TASK PROMPT: Make an exact copy of the listing underneath, skipping each picture.

*** GIVEN MATERIAL

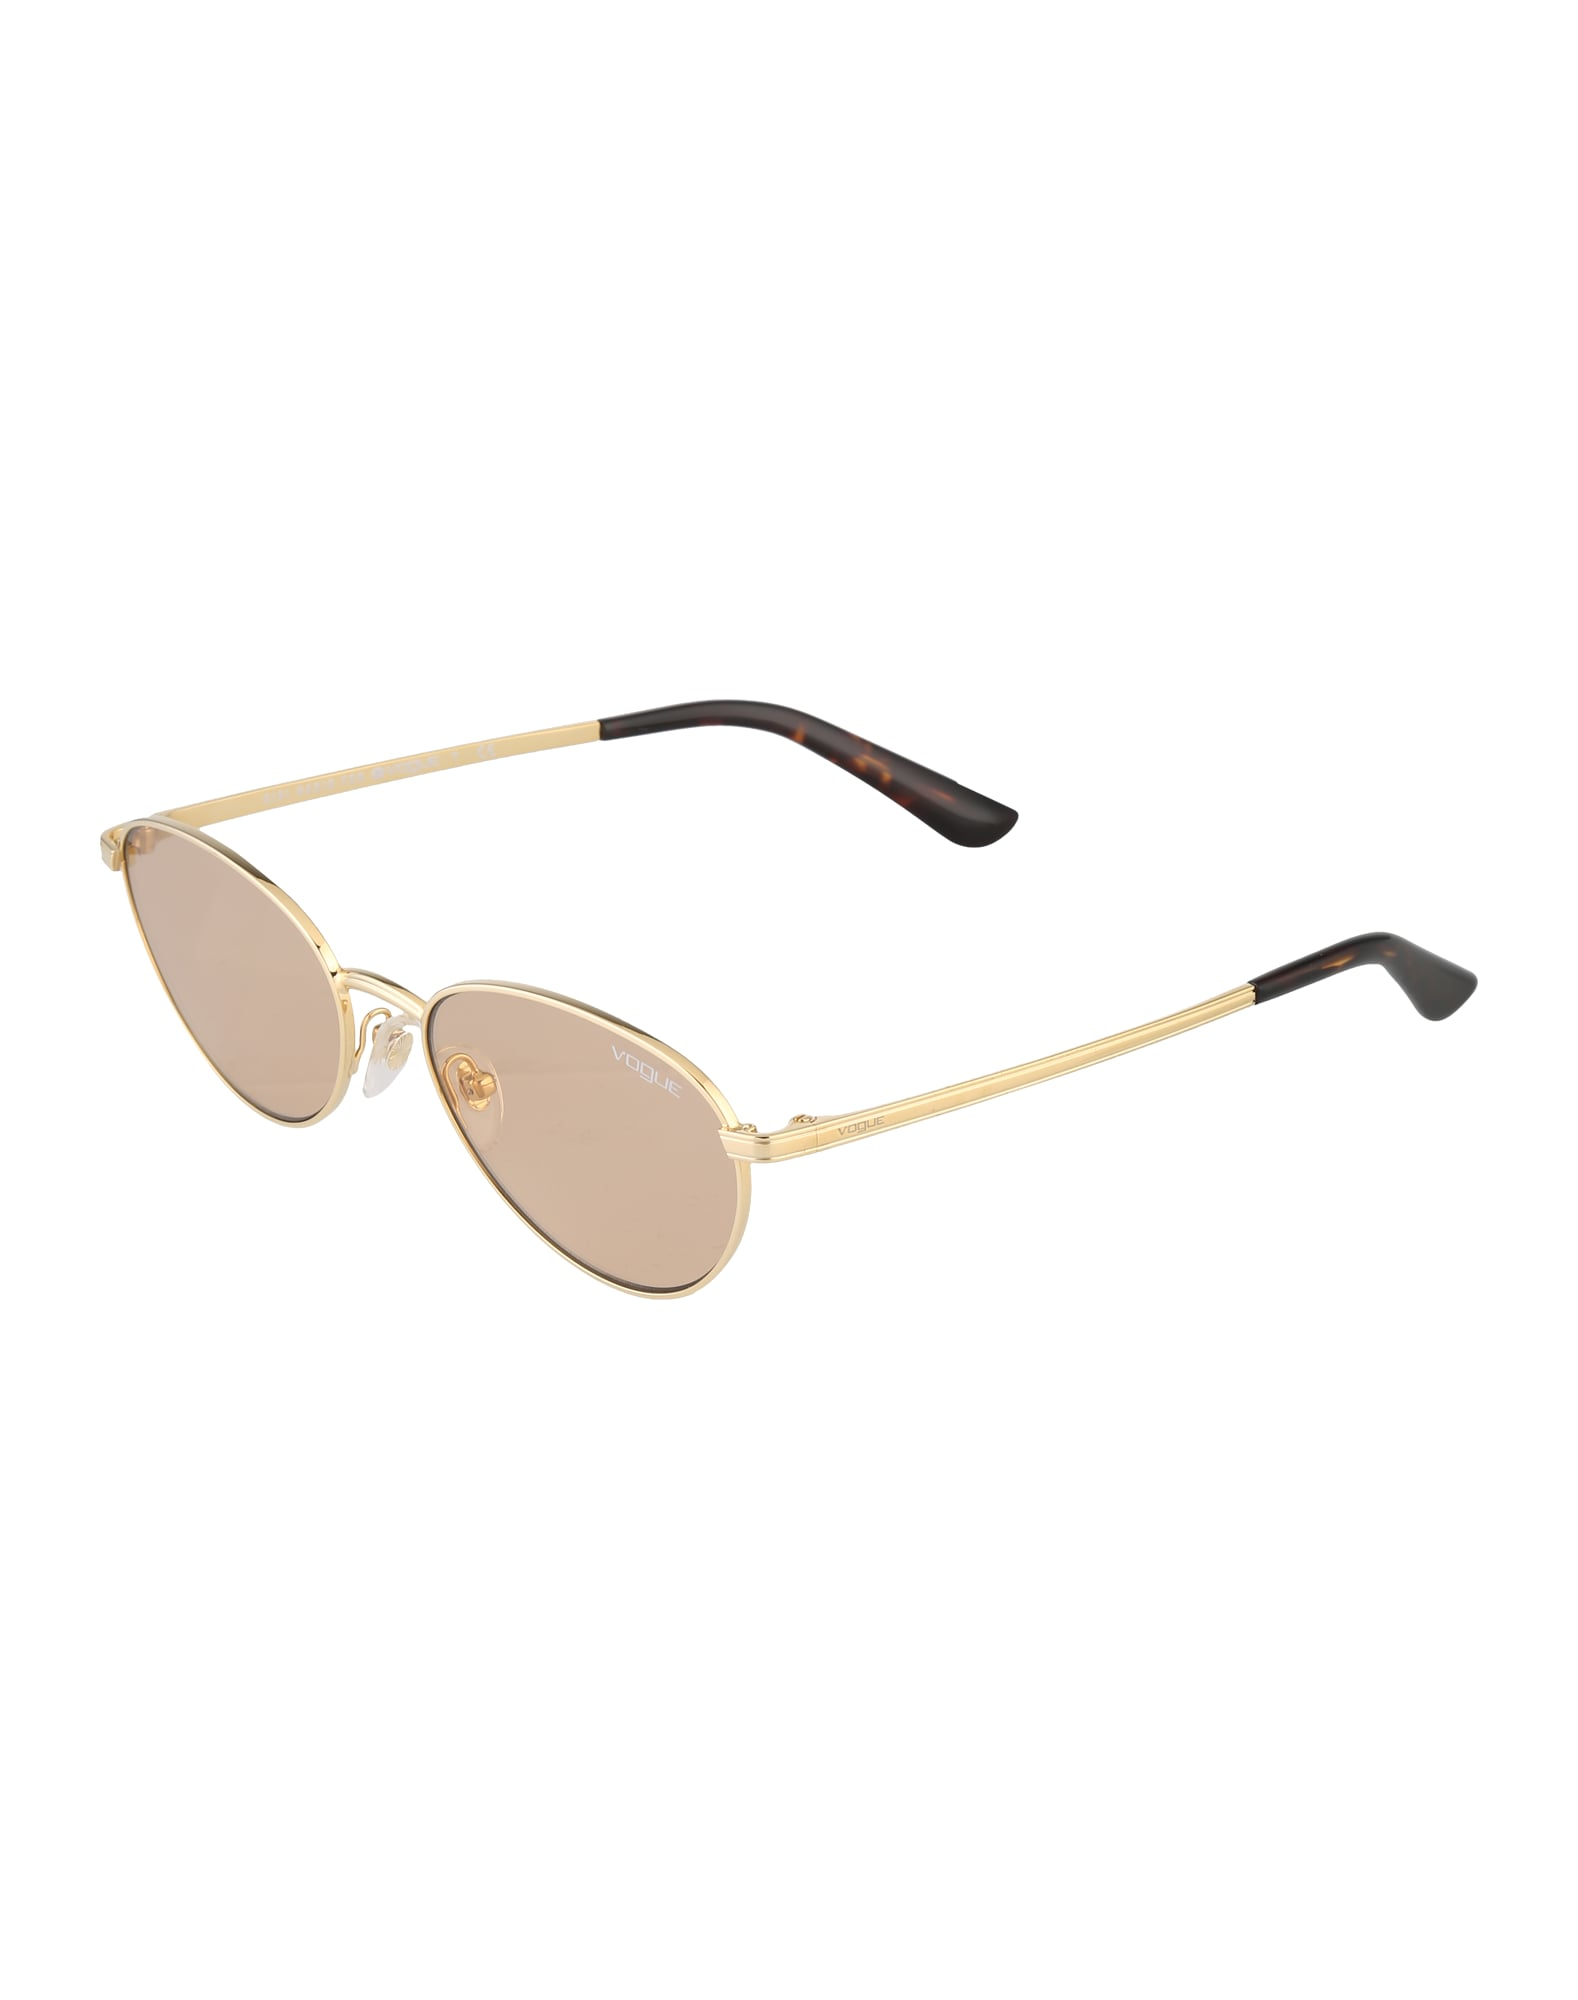 Sluneční brýle hnědá zlatá VOGUE Eyewear
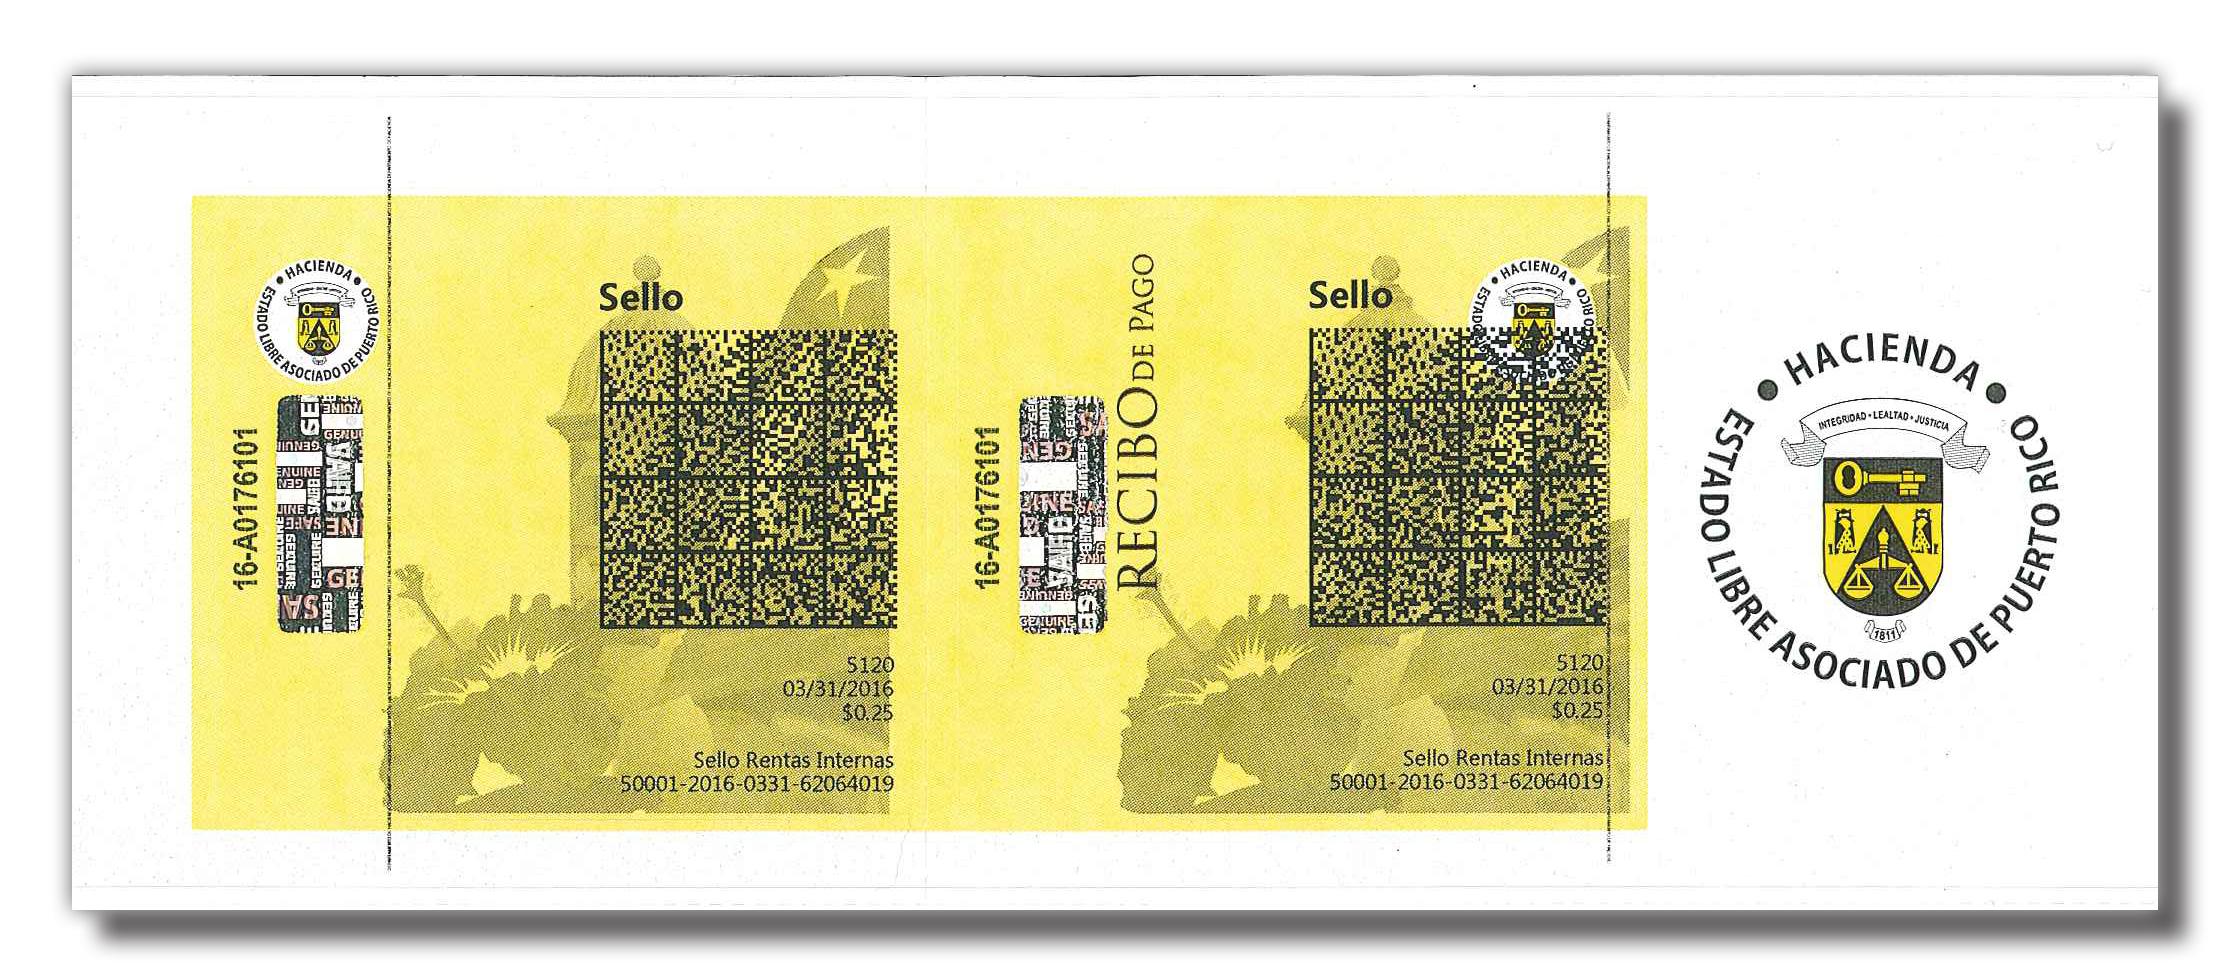 Banca Oriental De Puerto Rico: imprimir y/o vender sellos y comprobantes – Microjuris – Puerto Rico
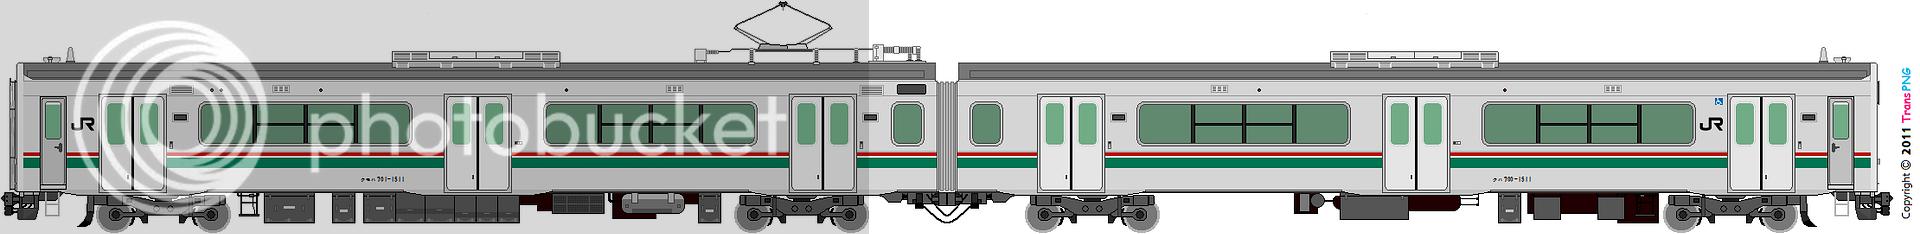 鐵路列車 2267
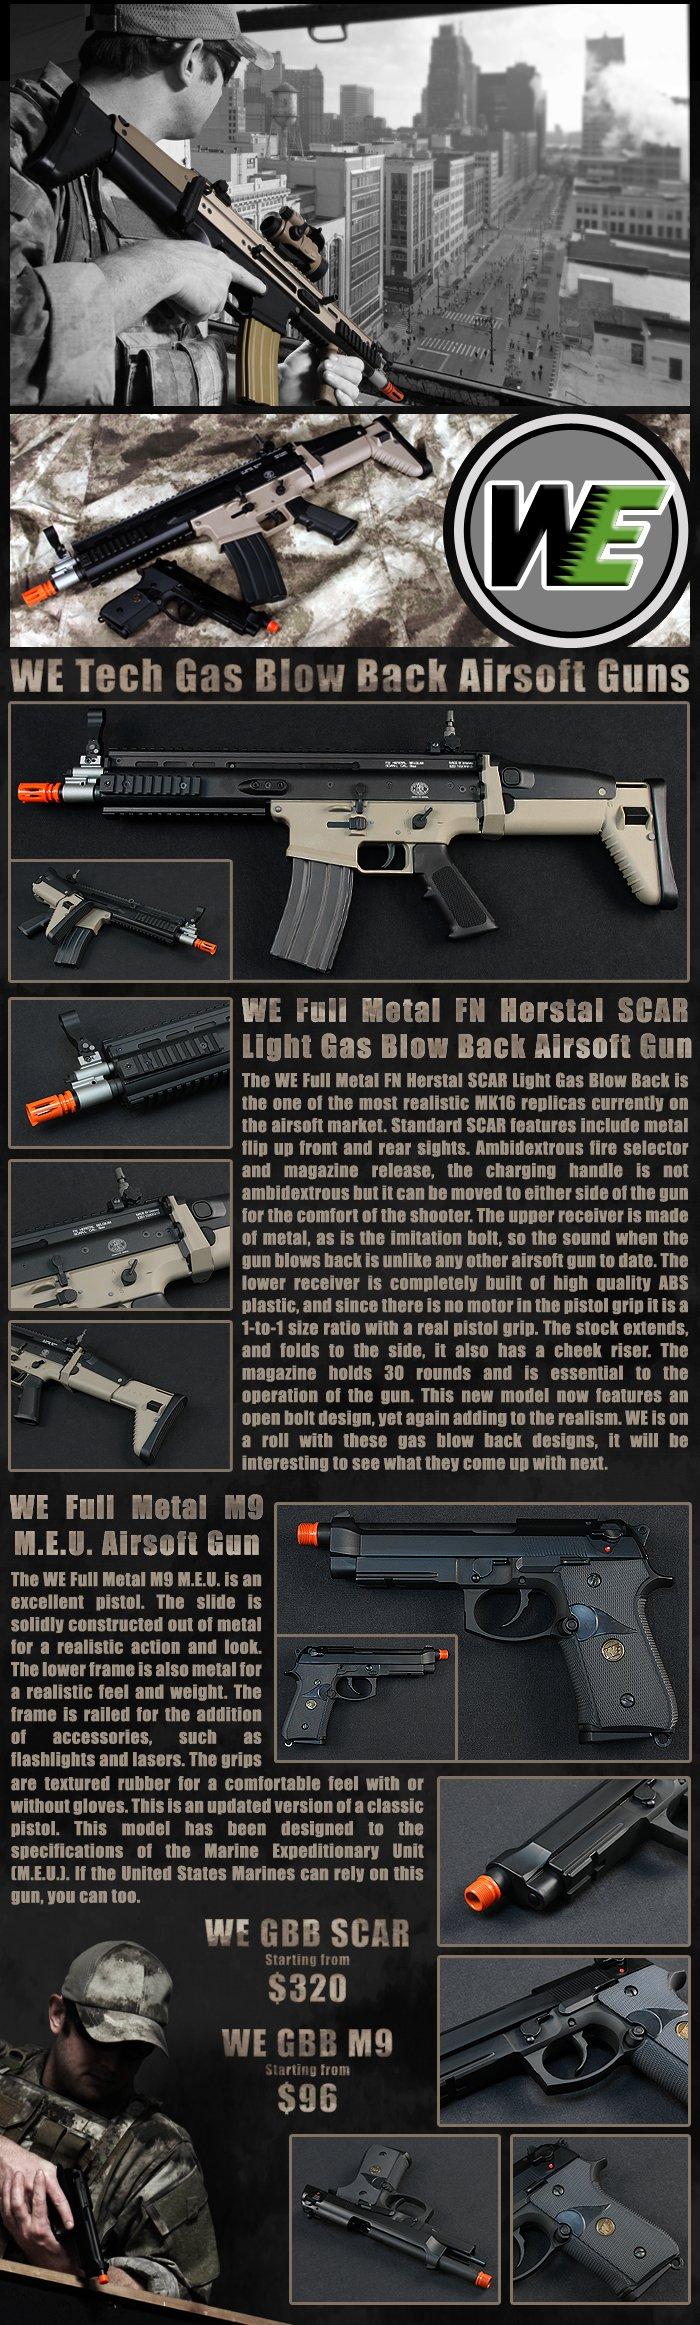 WE GBB SCAR & M9

******

OUTPUT BELOW:
 Sluneční brýle hnědá zlatá VOGUE Eyewear
 Banca Oriental De Puerto Rico: imprimir y/o vender sellos y comprobantes – Microjuris – Puerto Rico
 鐵路列車 2267
 WE GBB SCAR & M9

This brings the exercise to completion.